The information contained in this e-mail message is confidential and is intended only for the use of the individual or entity named above. If you are not the intended recipient, we would request you delete this communication without reading it or any attachment, not forward or otherwise distribute it, and kindly advise Gilson, Hecht and Trattner by return e-mail to the sender or a telephone call to 1 (800) GILSON. Thank you in advance.

 

What I actually said was:

 

From: “Brooke Miller”

To: “NYC office”

Subject: a fond farewell to everyone at Gilson, Hecht and Trattner

 

As many of you know, today is my last day at Gilson, Hecht and Trattner. It has been an amazing five years here, and in the time that I’ve been at the Firm, I have had the honor to work with some of the most outstanding attorneys practicing law in New York City today. I’ve made some of my best friends in the world here and I truly treasured my time spent here at the Firm.

 

 

It may be time for me to move on to a new adventure, but I will always look back on my time at Gilson, Hecht fondly.

 

 

Best regards,

Brooke

 

 

Brooke Miller

Gilson, Hecht and Trattner

425 Park Avenue

11th Floor

New York, New York 10022

 

*****CONFIDENTIALITY NOTICE*****

 

The information contained in this e-mail message is confidential and is intended only for the use of the individual or entity named above. If you are not the intended recipient, we would request you delete this communication without reading it or any attachment, not forward or otherwise distribute it, and kindly advise Gilson, Hecht and Trattner by return e-mail to the sender or a telephone call to 1 (800) GILSON. Thank you in advance.

 

The “Thank God I at least met my fiancé here so it wasn’t a complete, total, utter waste of time” part was implied. As was the “I hate you. All of you.” part.

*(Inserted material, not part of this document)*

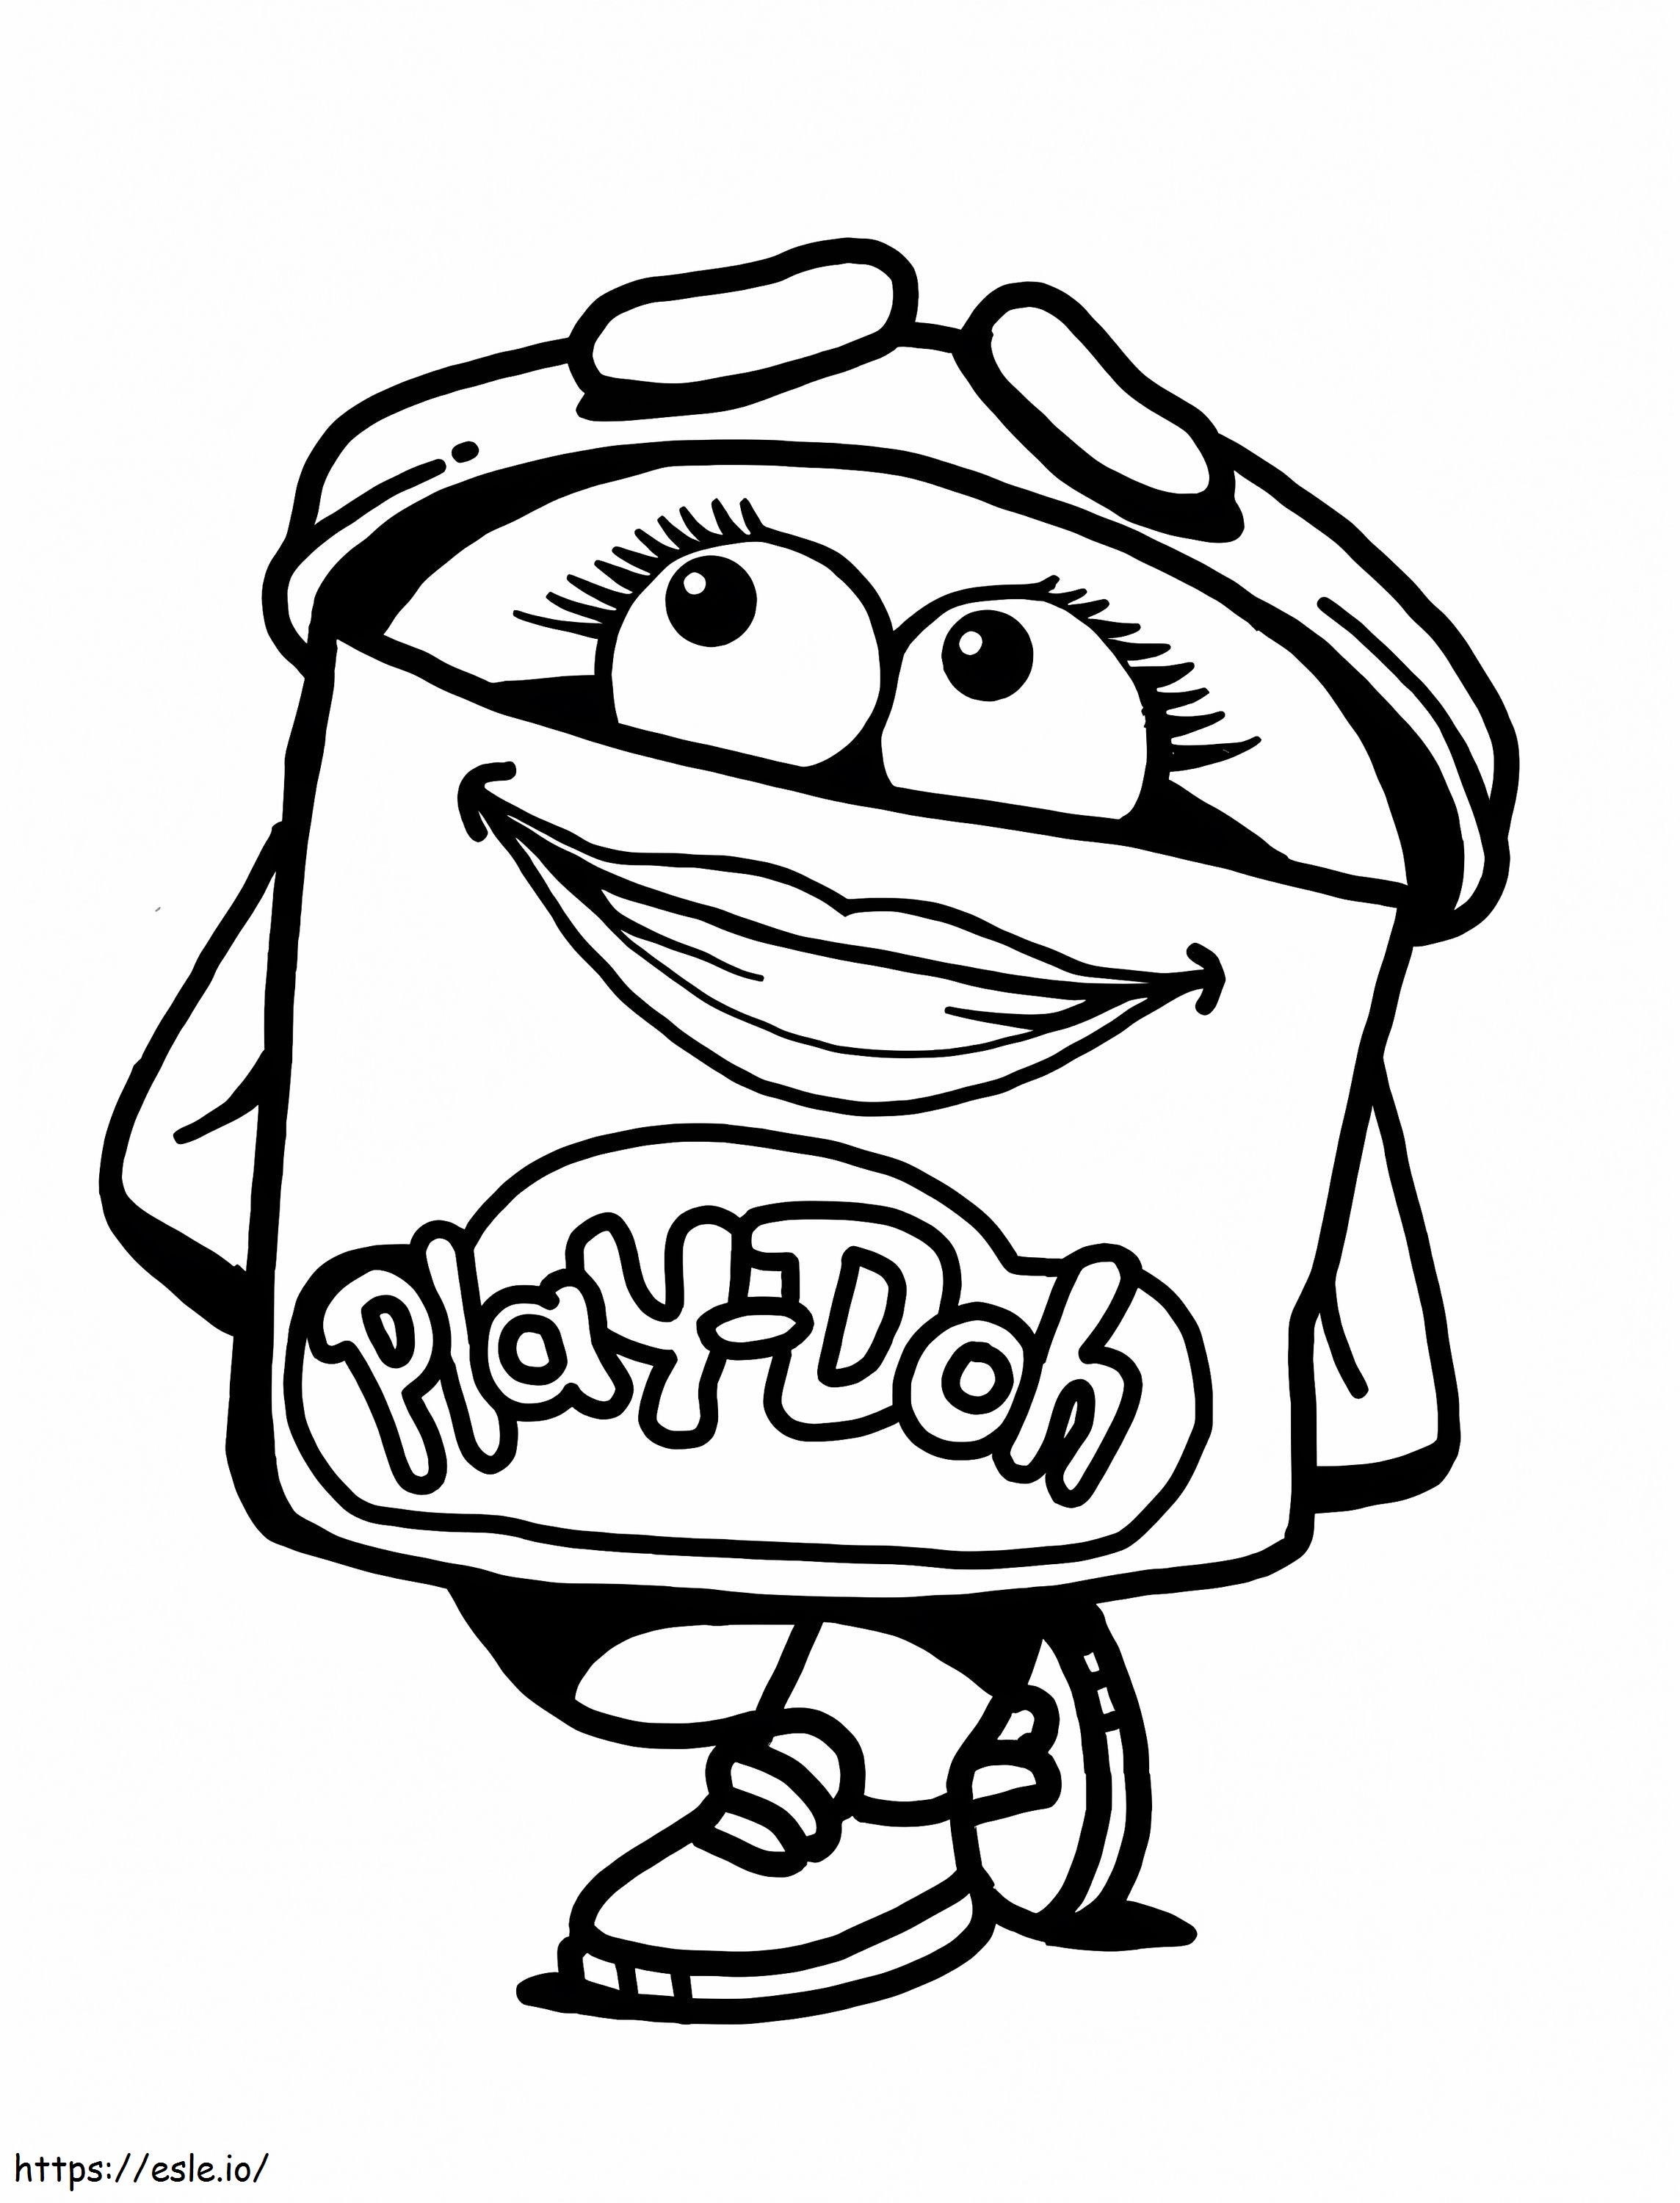 Play-Doh Logo Black and White - Get Coloring Pages
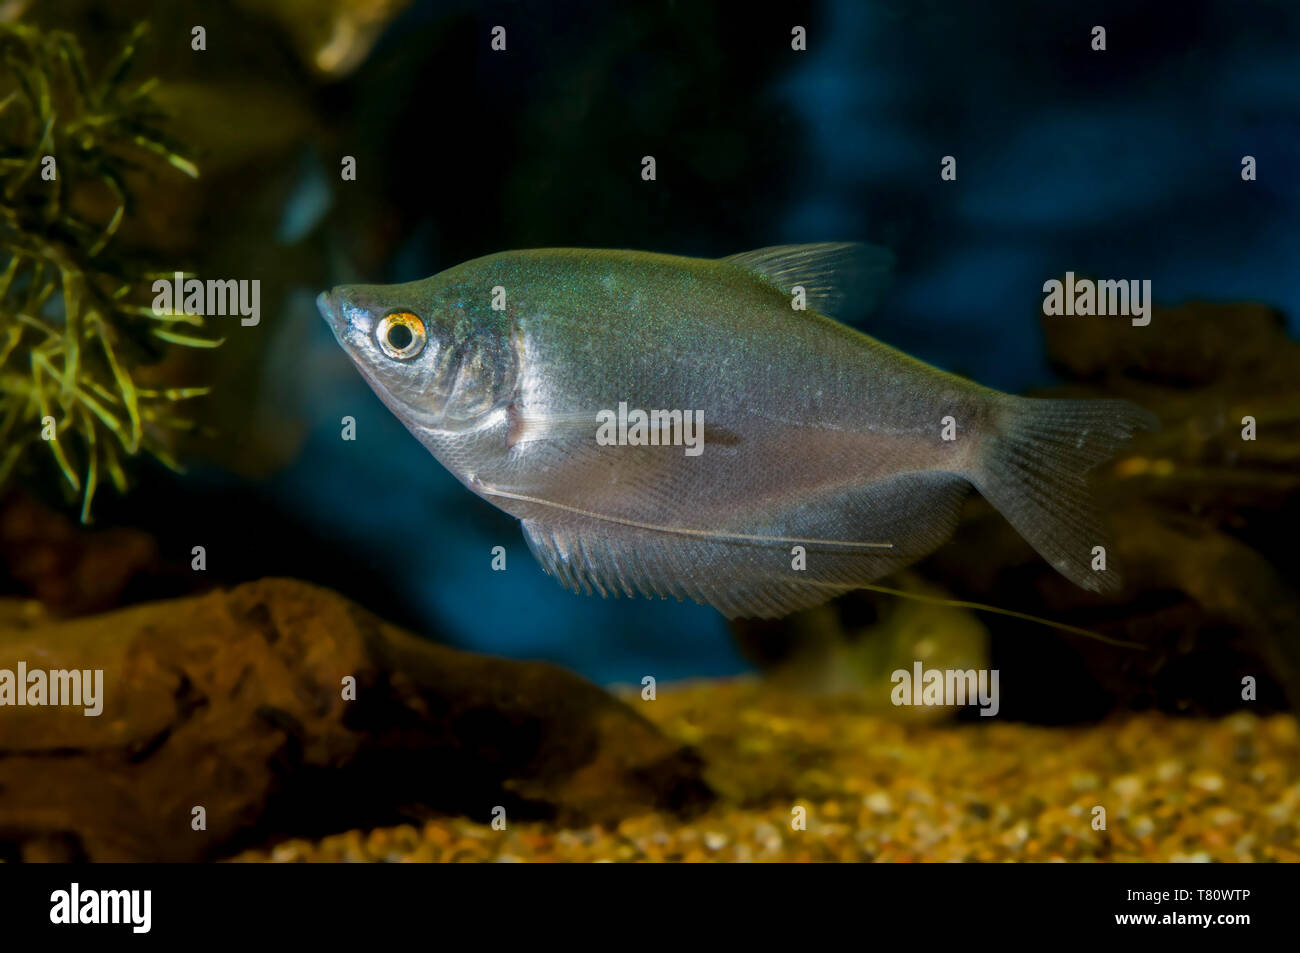 Minnesota. Aquarium fish. Moonlight gourami (Trichogaster microlepis) is a labyrinth fish of the family Osphronemidae. It may also be called the moonb Stock Photo

“I’ve got a meeting with Janobuilder Corp. Didn’t you use to work on their matters when you were a first year?” Larry says to me, seemingly out of breath. Or at the very least out of patience.

“Yes,” I say, “but I don’t work here anymore.”

Clearly, Larry did not get my carefully worded politically correct Exit E-mail Memo. An argument for sending the “I hate you” e-mail?

Larry doesn’t respond. He merely turns on his heel and begins muttering angrily.

I turn around and begin pushing the button for the elevator furiously. My pulse begins to climb as I realize that I must get out of this building immediately before someone else tries to assign me more work. Vanessa will just have to understand. I’m sure that this sort of situation is covered by her maid of honor duties.